Query the Hazard Store

The library provides two main query functions for retrieving hazard data from PyArrow parquet datasets.

Get Hazard Curves

from toshi_hazard_store import query

# Query aggregated hazard curves
curves = query.get_hazard_curves(
    location_codes=["-41.300~174.800", "-43.532~172.636"],  # Location codes (lat~lon)
    vs30s=[250, 400],                                        # VS30 values
    hazard_model="NSHM_v1.0.4",                              # Hazard model ID
    imts=["PGA", "SA(0.5)", "SA(1.0)"],                     # Intensity measure types
    aggs=["mean", "0.5", "std"],                            # Aggregation types
    strategy="d2"                                            # Query strategy (naive, d1, d2)
)

for curve in curves:
    print(f"Location: {curve.nloc_001}")
    print(f"  IMT: {curve.imt}, VS30: {curve.vs30}, Agg: {curve.agg}")
    print(f"  Values: {curve.values[:5]}...")  # First 5 of 44 values

Query Strategies

The strategy parameter controls how the query accesses the dataset:

Strategy Description
naive Default.

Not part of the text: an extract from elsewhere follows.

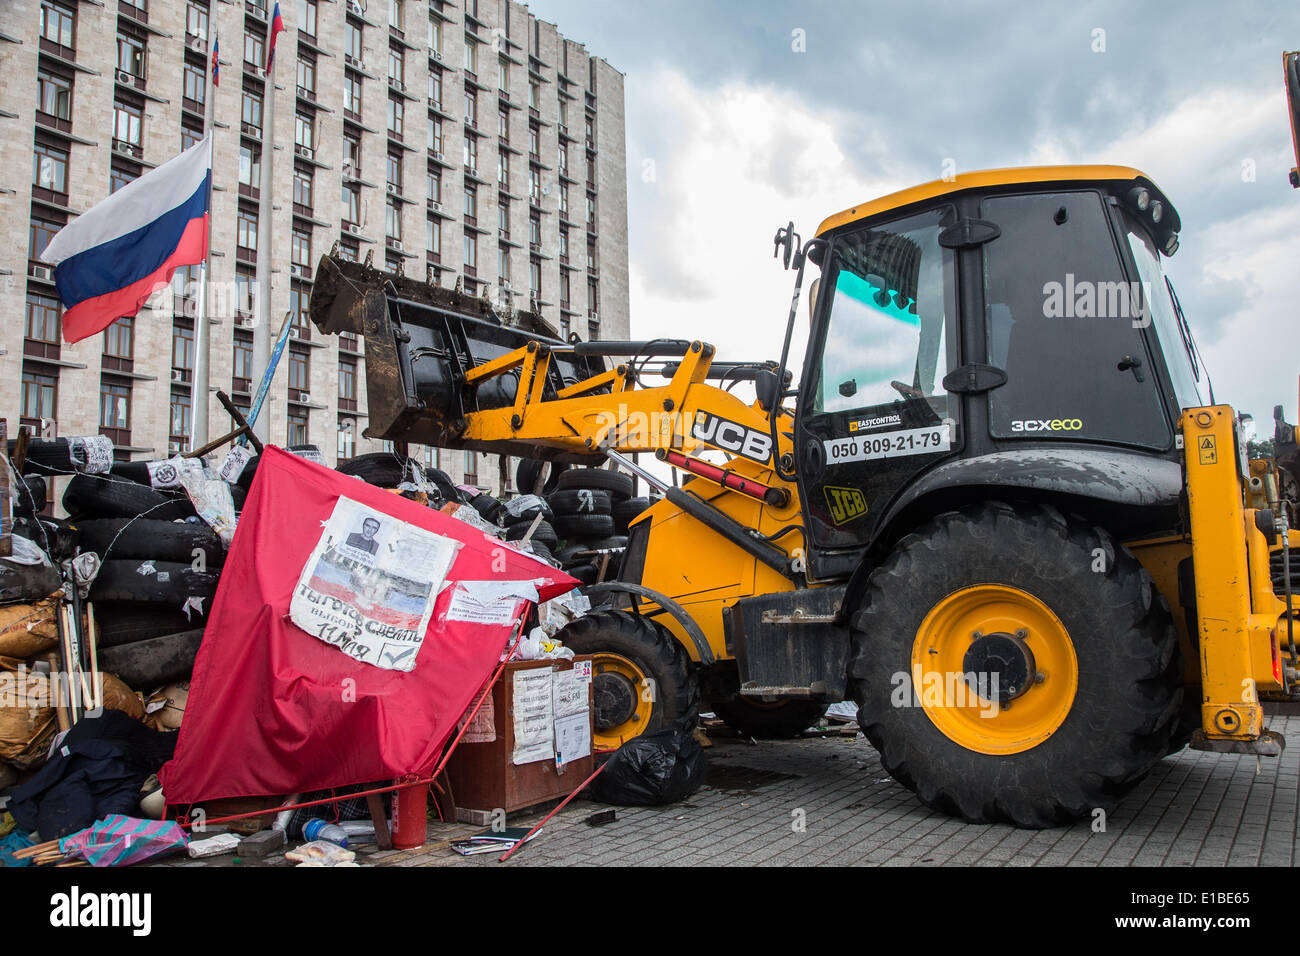 Baumaschinen entfernen am 29.05.2014 in Donezk, Ucraina, Barrikaden, die vorher von separatistischen, pro-russischen Kämpfern errichtet worden waren. Foto: Jan A. Nicolas/dpa Foto Stock

Lets PyArrow handle partitioning automatically. Good for small/medium datasets.
d1 Assumes dataset is partitioned on vs30. Generates multiple PyArrow queries. Better for large datasets.
d2 Assumes dataset is partitioned on vs30, nloc_0. Optimal for full NSHM with constrained resources (e.g., AWS Lambda).

Get Gridded Hazard

from toshi_hazard_store import query

# Query gridded hazard data (interpolated acceleration levels at grid locations)
gridded = query.get_gridded_hazard(
    location_grid_id="NZ_0_1_NB_1_1",      # NSHM grid identifier
    hazard_model_ids=["NSHM_v1.0.4"],       # Hazard model IDs
    vs30s=[250.0, 400.0],                   # VS30 values
    imts=["PGA", "SA(1.0)"],                # Intensity measure types
    aggs=["mean"],                          # Aggregation types
    poes=[0.02, 0.1, 0.5]                   # Probabilities of exceedance
)

for grid in gridded:
    print(f"Grid: {grid.location_grid_id}")
    print(f"  IMT: {grid.imt}, VS30: {grid.vs30}, POE: {grid.poe}")
    print(f"  Acceleration levels: {len(grid.accel_levels)} locations")

Data Models

The query functions return pydantic model instances:

  • AggregatedHazard: Contains aggregated hazard curve data with 44 IMT level values
  • GriddedHazardPoeLevels: Contains acceleration levels at grid locations for given POE values

Location Utilities

Helper functions for working with location codes:

from toshi_hazard_store.query import downsample_code, get_hashes

# Downsample a location code to different resolutions
loc = "-41.300~174.800"
print(downsample_code(loc, 0.1))   # "-41.3~174.8"
print(downsample_code(loc, 1.0))   # "-41.0~175.0"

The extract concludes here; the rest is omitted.